Most real databases contain data whose correctness is uncertain. In order to work with such data, there is a need to quantify the integrity of the data. This is achieved by using probabilistic databases.
A probabilistic database is an uncertain database in which the possible worlds have associated probabilities. Probabilistic database management systems are currently an active area of research. "While there are currently no commercial probabilistic database systems, several research prototypes exist..." [1]
Probabilistic databases distinguish between the logical data model and the physical representation of the data much like relational databases do in the ANSI-SPARC Architecture. In probabilistic databases this is even more crucial since such databases have to represent very large numbers of possible worlds, often exponential in the size of one world (a classical database), succinctly. [2] [3]
In a probabilistic database, each tuple is associated with a probability between 0 and 1, with 0 representing that the data is certainly incorrect, and 1 representing that it is certainly correct.
A probabilistic database could exist in multiple states. For example, if there is uncertainty about the existence of a tuple in the database, then the database could be in two different states with respect to that tuple—the first state contains the tuple, while the second one does not. Similarly, if an attribute can take one of the values x, y or z, then the database can be in three different states with respect to that attribute.
Each of these states is called a possible world.
Consider the following database:
A | B |
---|---|
a1 | b1 |
a2 | b2 |
a3 | {b3, b3′, b3′′} |
(Here {b3, b3′, b3′′} denotes that the attribute can take any of the values b3, b3′ or b3′′)
Then the actual state of the database may or may not contain the first tuple (depending on whether it is correct or not). Similarly, the value of the attribute B may be b3, b3′ or b3′′.

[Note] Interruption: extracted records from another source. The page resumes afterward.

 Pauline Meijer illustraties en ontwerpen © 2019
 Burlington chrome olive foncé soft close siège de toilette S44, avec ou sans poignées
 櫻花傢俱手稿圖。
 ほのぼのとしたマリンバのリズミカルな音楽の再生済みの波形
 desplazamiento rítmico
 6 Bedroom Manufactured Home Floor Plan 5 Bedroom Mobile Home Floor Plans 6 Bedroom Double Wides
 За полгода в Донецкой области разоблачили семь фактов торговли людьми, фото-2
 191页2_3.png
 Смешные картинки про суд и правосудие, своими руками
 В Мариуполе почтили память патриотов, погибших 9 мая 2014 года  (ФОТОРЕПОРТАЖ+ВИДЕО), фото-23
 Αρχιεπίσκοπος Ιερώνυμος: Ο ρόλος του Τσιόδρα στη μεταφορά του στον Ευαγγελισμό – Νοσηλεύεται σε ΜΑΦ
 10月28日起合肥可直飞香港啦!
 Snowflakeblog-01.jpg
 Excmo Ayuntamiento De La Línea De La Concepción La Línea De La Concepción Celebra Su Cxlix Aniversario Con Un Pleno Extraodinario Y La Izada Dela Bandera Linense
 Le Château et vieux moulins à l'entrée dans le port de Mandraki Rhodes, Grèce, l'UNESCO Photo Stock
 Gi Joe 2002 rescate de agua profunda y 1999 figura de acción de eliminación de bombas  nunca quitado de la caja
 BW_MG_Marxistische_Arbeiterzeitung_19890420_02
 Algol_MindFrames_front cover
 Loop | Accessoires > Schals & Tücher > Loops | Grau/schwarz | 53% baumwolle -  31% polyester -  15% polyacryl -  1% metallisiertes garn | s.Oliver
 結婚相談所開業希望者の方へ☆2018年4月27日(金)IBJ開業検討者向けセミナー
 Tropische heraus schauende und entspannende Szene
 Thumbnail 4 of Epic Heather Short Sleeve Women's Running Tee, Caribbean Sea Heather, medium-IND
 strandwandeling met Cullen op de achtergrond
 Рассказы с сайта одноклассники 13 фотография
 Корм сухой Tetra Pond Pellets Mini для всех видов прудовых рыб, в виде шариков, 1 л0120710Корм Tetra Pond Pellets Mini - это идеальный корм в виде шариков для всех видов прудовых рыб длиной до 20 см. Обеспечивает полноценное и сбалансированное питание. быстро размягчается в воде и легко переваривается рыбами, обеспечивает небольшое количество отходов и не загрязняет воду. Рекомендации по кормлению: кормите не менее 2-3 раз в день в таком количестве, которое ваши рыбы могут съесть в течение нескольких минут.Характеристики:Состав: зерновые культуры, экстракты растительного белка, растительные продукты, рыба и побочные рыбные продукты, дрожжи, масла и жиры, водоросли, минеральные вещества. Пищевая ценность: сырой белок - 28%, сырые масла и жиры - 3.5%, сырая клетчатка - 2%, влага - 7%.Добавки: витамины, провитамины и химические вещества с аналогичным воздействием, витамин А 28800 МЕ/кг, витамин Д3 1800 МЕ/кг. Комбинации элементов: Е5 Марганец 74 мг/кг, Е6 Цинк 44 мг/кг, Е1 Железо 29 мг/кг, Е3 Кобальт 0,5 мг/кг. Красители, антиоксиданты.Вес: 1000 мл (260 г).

Consequently, the possible worlds corresponding to the database are as follows:
A | B |
---|---|
a1 | b1 |
a2 | b2 |
a3 | b3 |
A | B |
---|---|
a1 | b1 |
a2 | b2 |
a3 | b3′ |
A | B |
---|---|
a1 | b1 |
a2 | b2 |
a3 | b3′′ |
A | B |
---|---|
a2 | b2 |
a3 | b3 |
A | B |
---|---|
a2 | b2 |
a3 | b3′ |
A | B |
---|---|
a2 | b2 |
a3 | b3′′ |
There are essentially two kinds of uncertainties that could exist in a probabilistic database, as described in the table below:
Tuple-level uncertainty | Attribute-level uncertainty |
---|---|
Uncertainty if a tuple is correct or not, that is, whether it should exist in the database or not. | Uncertainty about the values that an attribute of a tuple can take, that is, it could take one of the several possible values. |
Corresponding to each uncertain tuple, there are two possible worlds: one which includes the tuple while the other which does not. | Corresponding to each uncertain attribute which can take one of the values a1,...,an, there are n possible worlds. |
Tuple-level uncertainty can be seen as a boolean random variable associated with each uncertain tuple. | Attribute-level uncertainty can be seen as a random variable associated with each uncertain attribute which can take values a1,...,an. |
By assigning values to random variables associated with the data items, different possible worlds can be represented.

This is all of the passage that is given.